Genova, ore 8:30 del mattino. Lungo le direttrici che portano al centro, piccoli eserciti di giovani alpini, con penne nere appuntate su cappelli troppo nuovi per aver visto la polvere delle caserme, stringono già bottiglie di birra, alcuni barcollano, sghignazzano, balbettano. Per loro, l’Adunata non è un ricordo, non è una celebrazione della memoria è una zona franca dove il decoro cede il passo al fragore e la memoria della naja si annega in un’euforia liquida. Qui la tradizione subisce una mutazione genetica. Svanito il dovere della leva, resta il “folclore di ritorno”: un carnevale autorizzato che muove capitali, riempie i registratori di cassa e svuota il senso del rito. È l’Adunata del business e dello sballo, dove l’appartenenza si compra con un badge e si misura in litri consumati prima del caffè.

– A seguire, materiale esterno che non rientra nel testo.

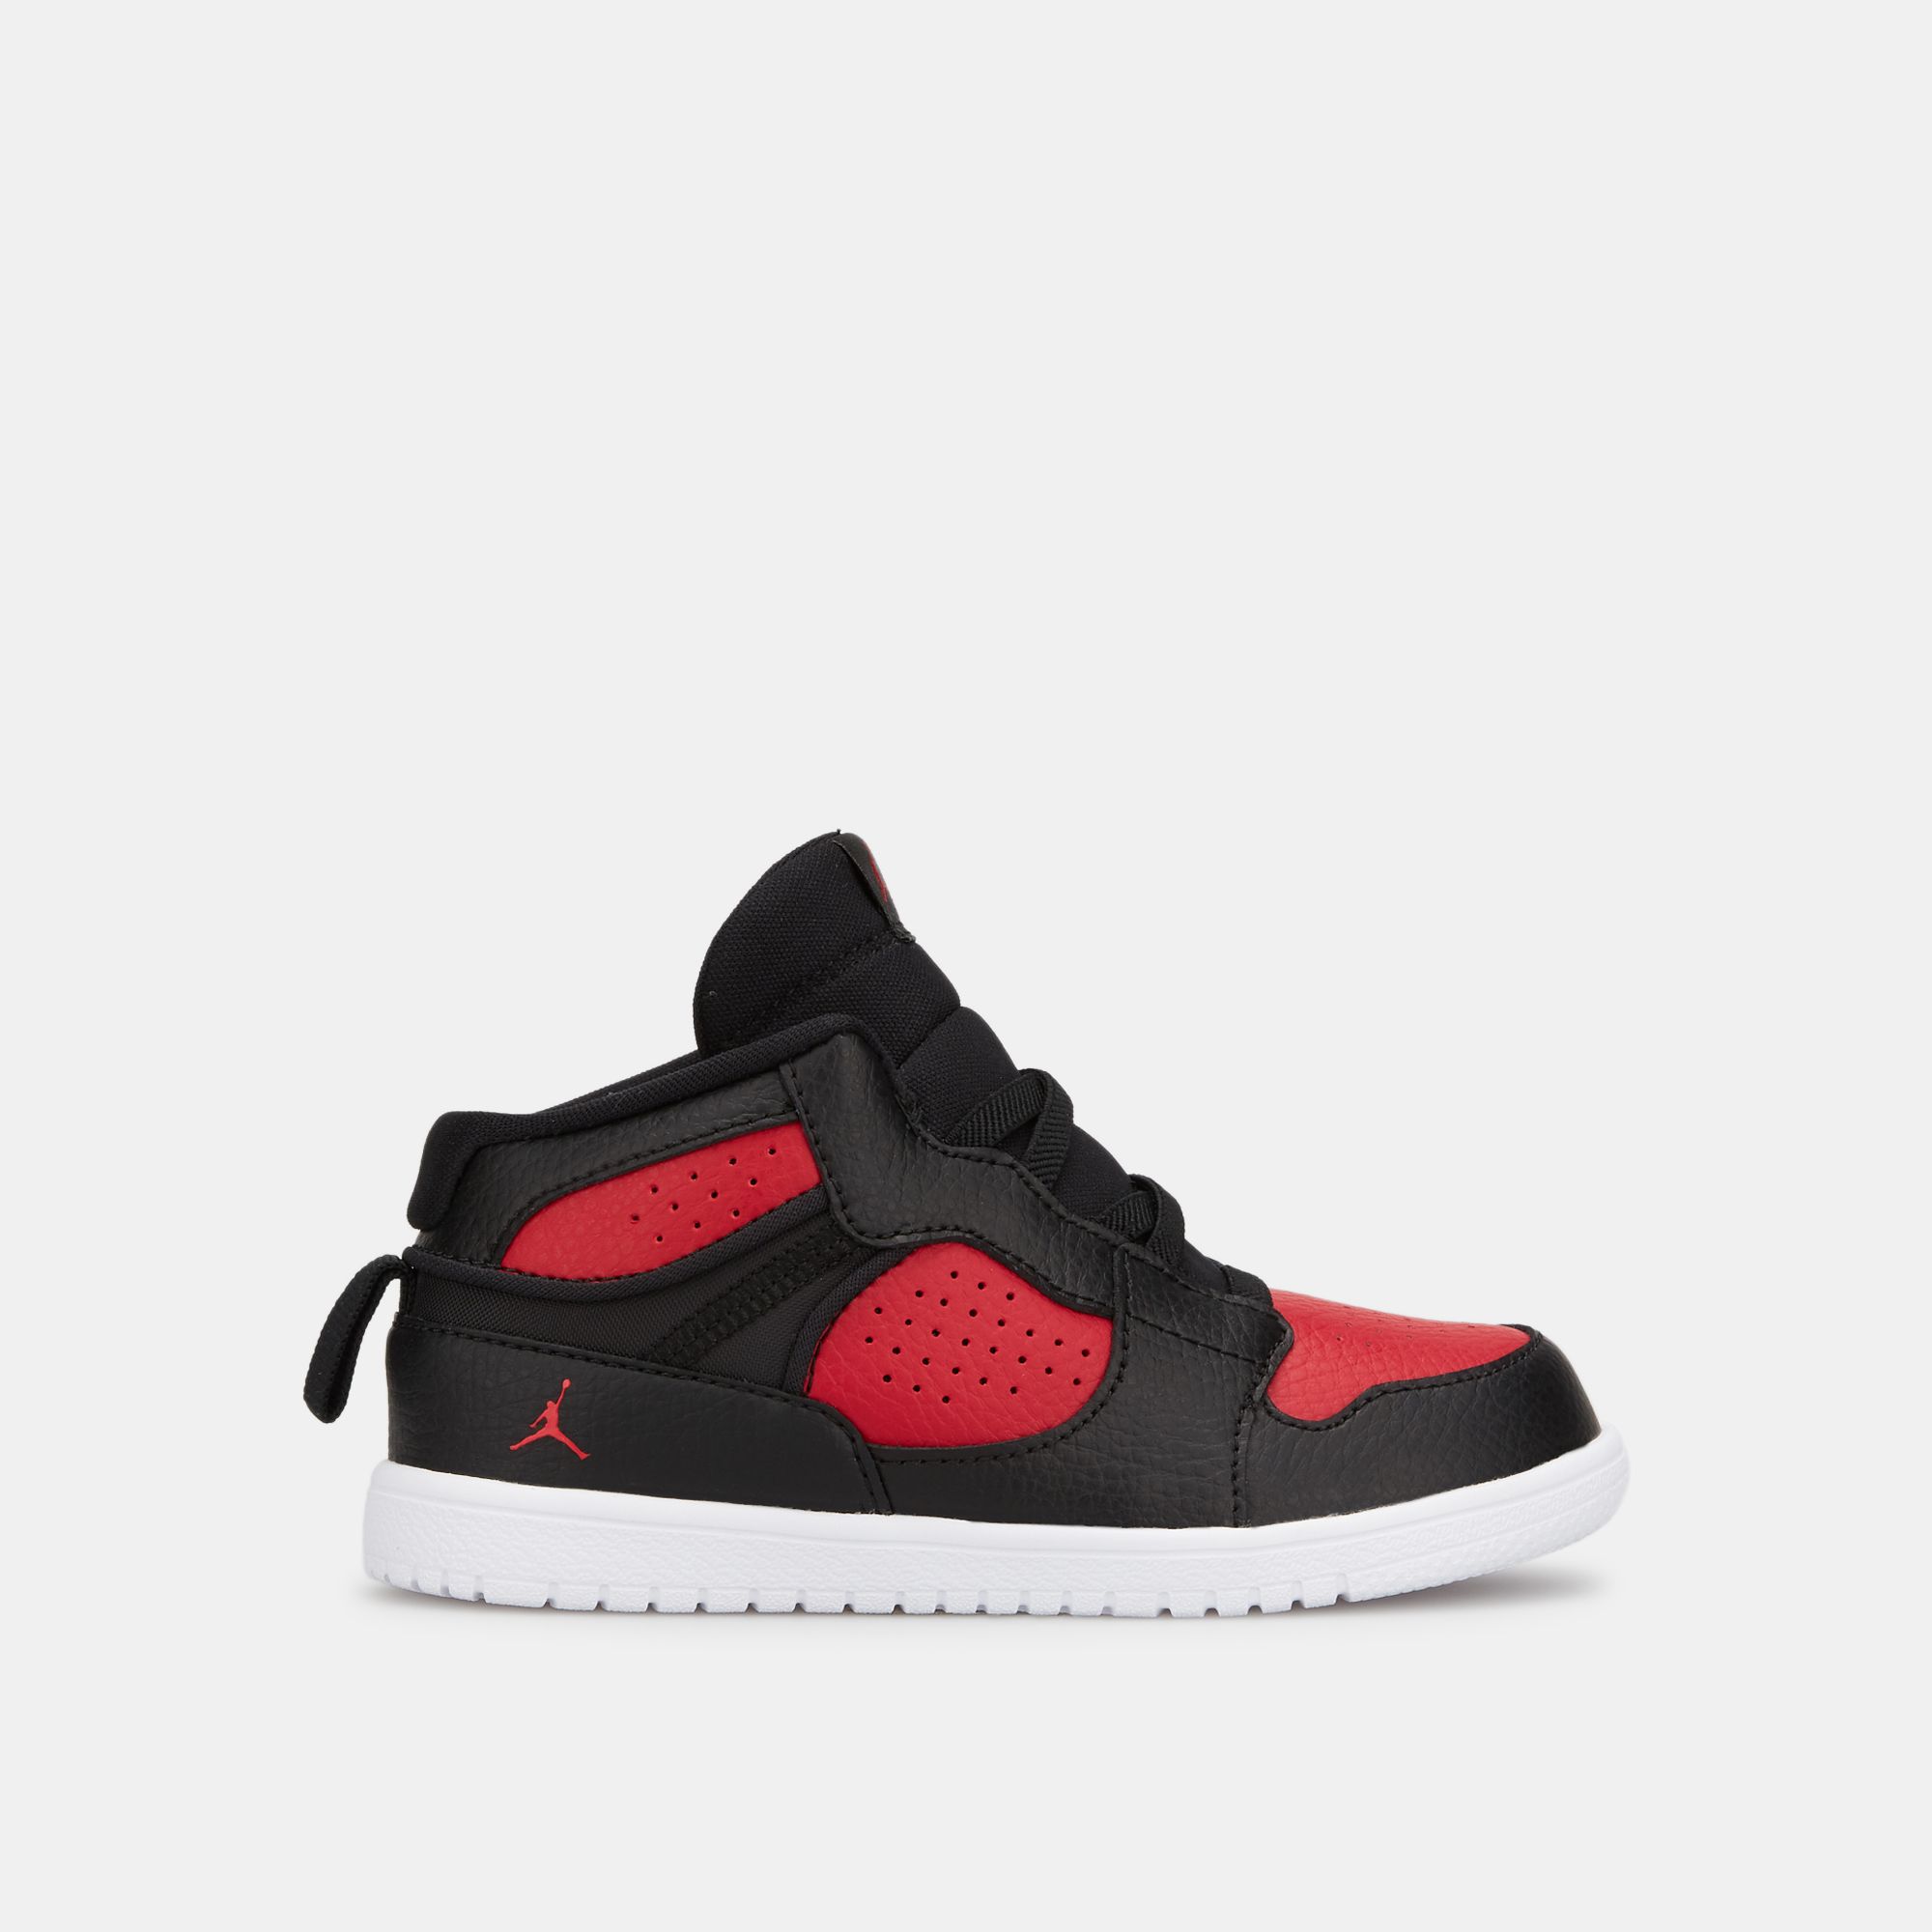 Buy Nike Kids' Jordan Access Shoe (Baby and Toddler) Online in Dubai ...
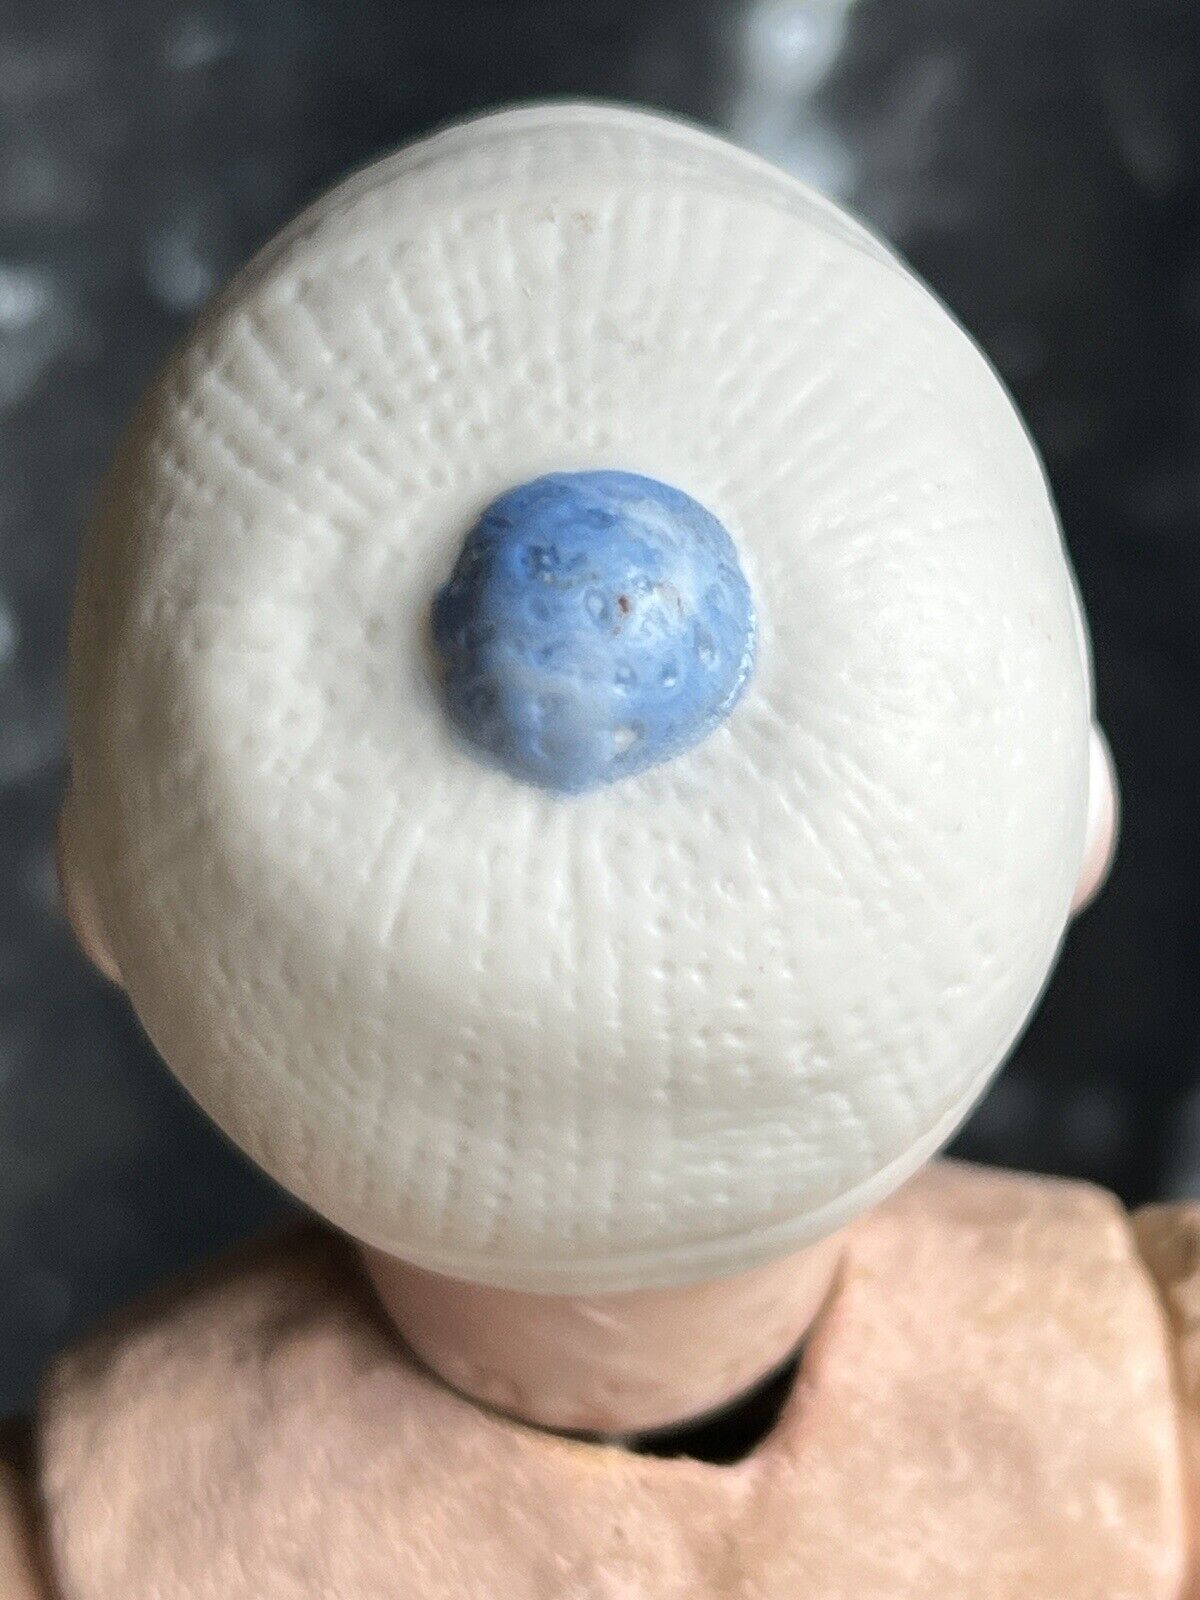 Antique German 8” Theodor Recknagel 28 12/0 Bisque Head Molded Hat Baby Doll

Ma poi, in questo oceano di confusione logistica e acustica, accade l’incontro che ristabilisce le proporzioni. È un Alpino di circa settant’anni. Viene da Parma. Non urla, non barcolla. Il suo cappello ha la forma di chi l’ha portato davvero, con la dignità di chi sa che quella penna non è un travestimento, ma una responsabilità. È distinto, sobrio, di una gentilezza antica che pare quasi anacronistica tra le grida dei “commilitoni per un giorno”. In lui, la Sezione non è solo una sigla burocratica, ma un codice civile di comportamento. Mi chiede indicazioni per piazza De ferrari, è educato, quasi timido, cavalleresco. Io gli rispondo sorridendo e gli auguro buona giornata.
Ecco la dicotomia di Genova oggi: da una parte la vocazione all’eccesso di chi alpino lo è “per modo di dire”, nutrendo un’industria del divertimento che ha bisogno di folle ubbidienti al consumo; dall’altra, la resistenza silenziosa di chi alpino lo è nel tratto, nella parola misurata e nel rispetto di una città che lo ospita. Due mondi che sfilano sugli stessi marciapiedi, ma che non si incontrano mai. Uno beve per dimenticare la noia, l’altro resta sobrio per non dimenticare la storia e ci ricorda che la cultura, in fondo, è solo un esercizio di distinzione.